What appears at first glimpse to be an apparent weakness at strategy on

Mahkno’s part, actually stemmed from political conviction, not lack of

military prowess. At the crucial moment he yielded to the will of his

army, a true people’s army, an army that had elected him. As people go,

they were exemplary. They were true to their ideals. They were true to

each other. They didn’t let fear distract them. They kicked butt like

all-stars. But they had no sound concept of geo-political strategy. They

were semi-literate peasants, from out in the boondocks. The world was

far away. They were overly fixated on their own turf. They couldn’t see

the big picture. They didn’t look far enough over the horizon.

Mistake.

The Insurgent Army of the Ukraine drove the Germans out. During the

struggle they innovated a truly revolutionary method of dealing with

prisoners. Officers were shot. Enlisted prisoners were asked to vote

whether their non-comms should be shot. Good non-comms were spared. Bad

non-comms were shot. Enlisted men who had molested civilians were shot.

The remaining prisoners were then given money, food, and literature on

the aims of the revolution, and sent home to make their own revolution

in Germany. This they did. Germany came apart at the seams. Fifty years

later this strategy was used with great success by the Angolans against

the Portuguese, giving rise to the “Armed Forces Movement” which

overthrew the Portuguese dictatorship in 1975.

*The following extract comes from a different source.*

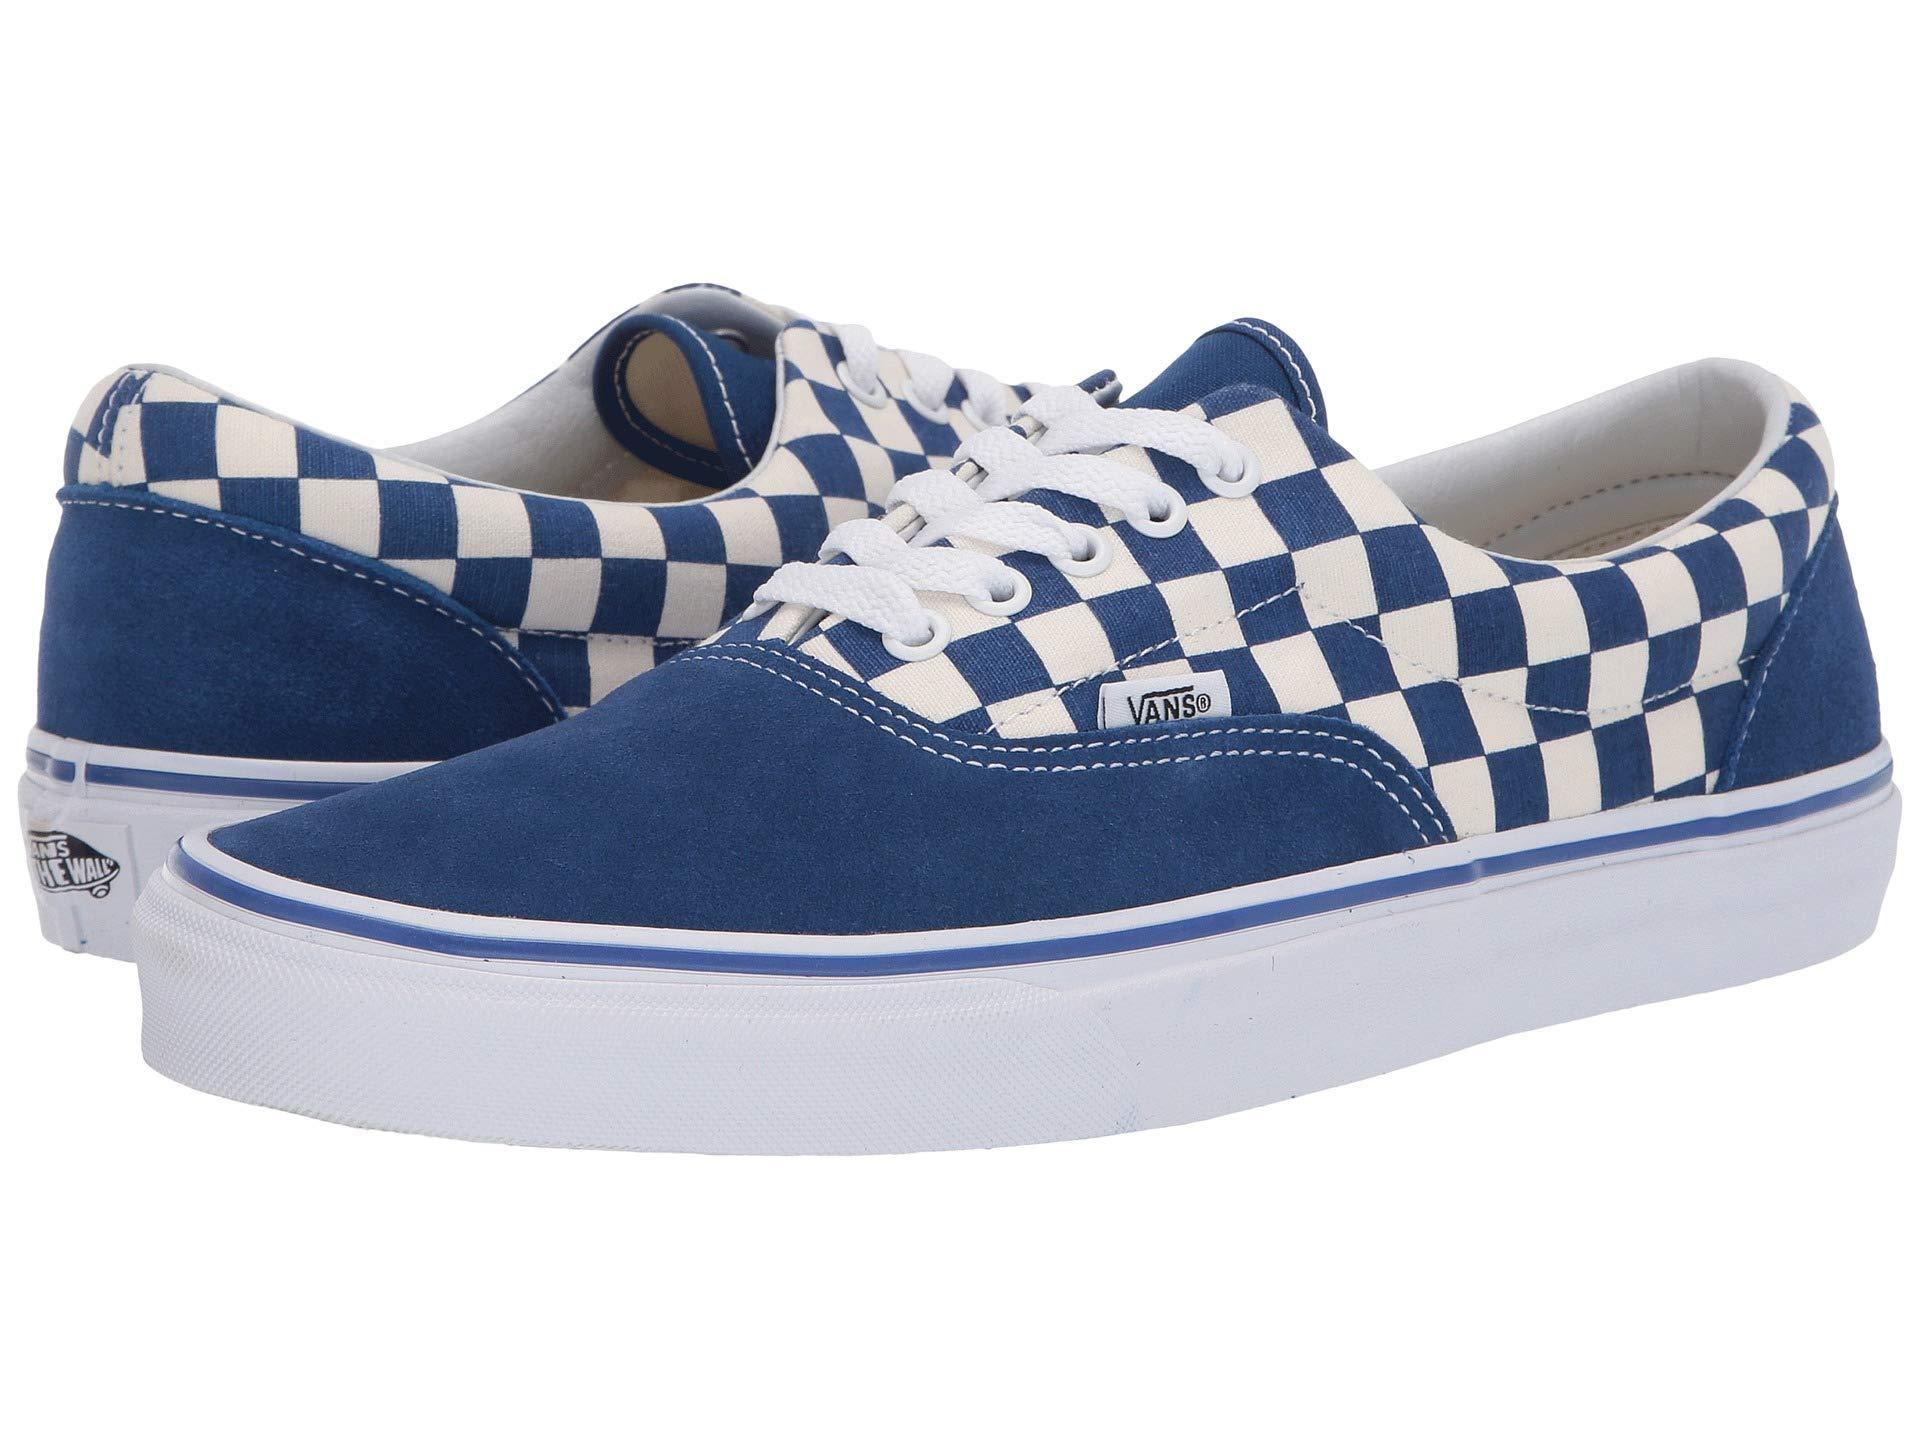 a0a45c9451 Lyst - Vans Eratm ((checkerboard) Multi true White) Skate Shoes in ...

The Mahknovisti were an explicitly Anarchist army. Officers were

elected, just as they were in the America’s own revolutionary army

before Washington took over. In the vast area that the Anarchists

controlled, land was not distributed to the peasants by their army. The

peasants were the army. They distributed the land to themselves.

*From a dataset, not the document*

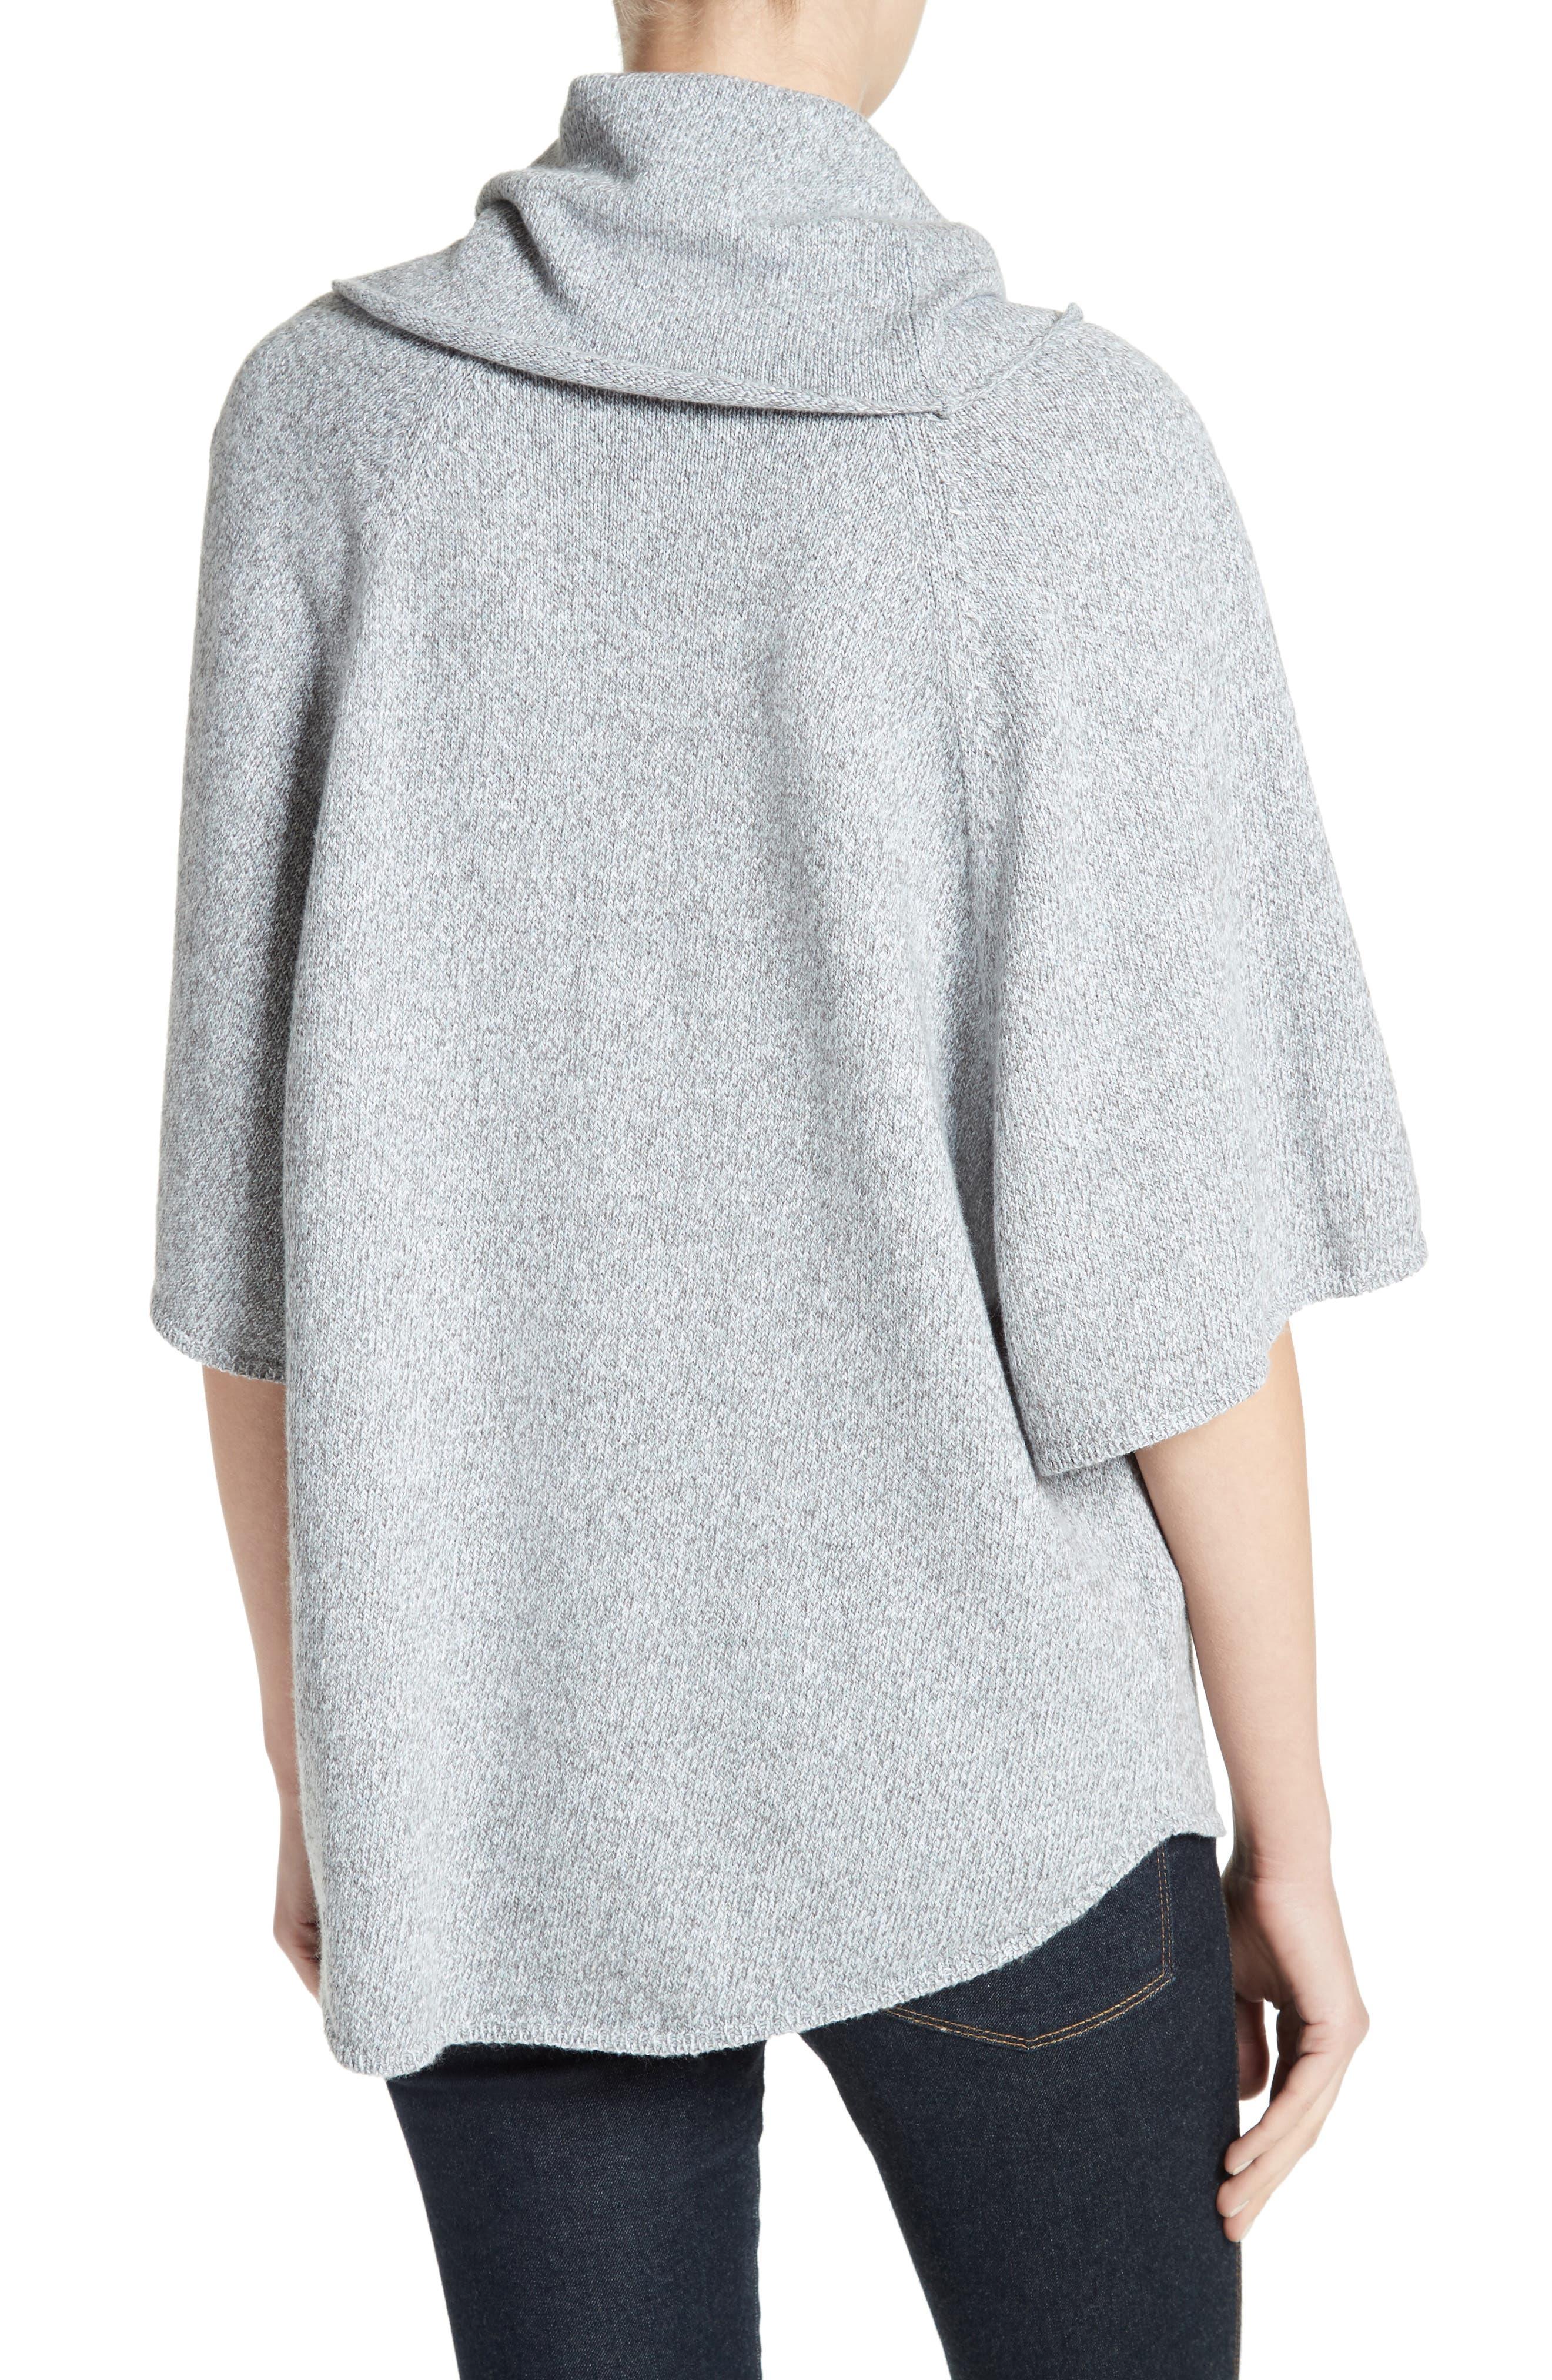 Celia Cowl Neck Sweater,                             Alternate thumbnail 2, color,

Landlords were shot. Collectives were started, farms, factories, and

schools. More than the imperialist invaders had been driven out. The

peasants’ traditional willingness to submit had been driven out with

them. A new day had dawned. The future looked bright for the first time

in memory. Then the Anarchists made a blunder of epic proportions. They

trusted the Bolsheviks to actually supply them with the ammunition that

they had been promised.

Mistake.

In the first of many subsequent “contra” wars, the Tsarist “Whites,”

with support from England, America, and France, tried to take back the

Russian Empire with mainly Russian troops. The largest and best armed

White army drove north from Crimea toward Moscow, under the command of

General Denikin. It was a long way to Moscow. First they had to get past

the Insurgent Army of the Ukraine, who were ready and waiting and armed

to the teeth. The recent success against the Austro-Hungarian/German

invasion had honed the Insurgents to a fine edge. Their moral was high.

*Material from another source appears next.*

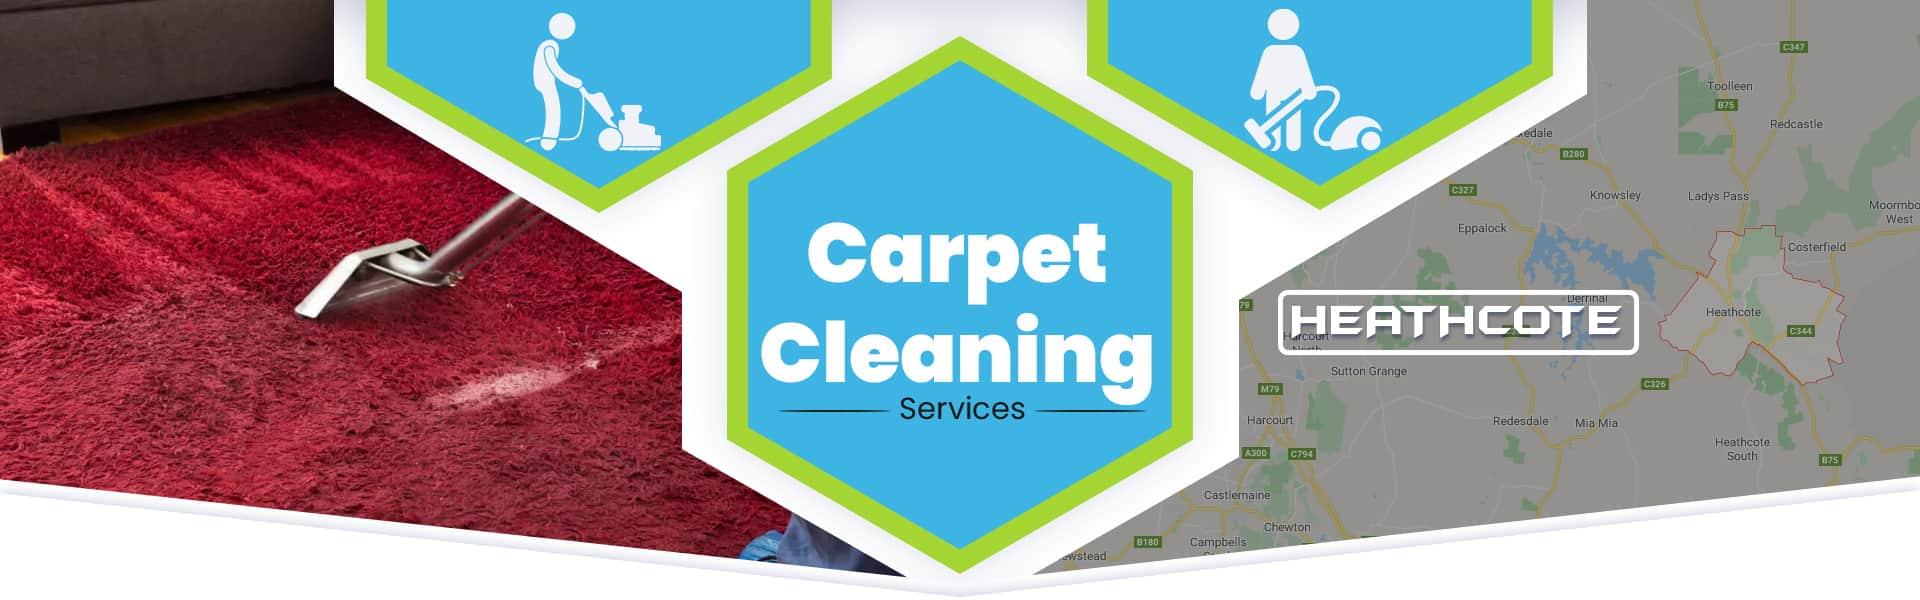 Carpet Cleaning Heathcote

The available pool of general fighting skill had been greatly enhanced

by the influx of experienced veterans, home from the Great War, sadder

but wiser. What ever you’re up to, war or peace, it always pays to have

veterans around. They’re especially handy to have on your side in a

scrap. The Anarchists had more than courage, honor and experiance

working for them. Their style of organizational structure made the

Insurgent Army of the Ukraine immune to a decapitating strike.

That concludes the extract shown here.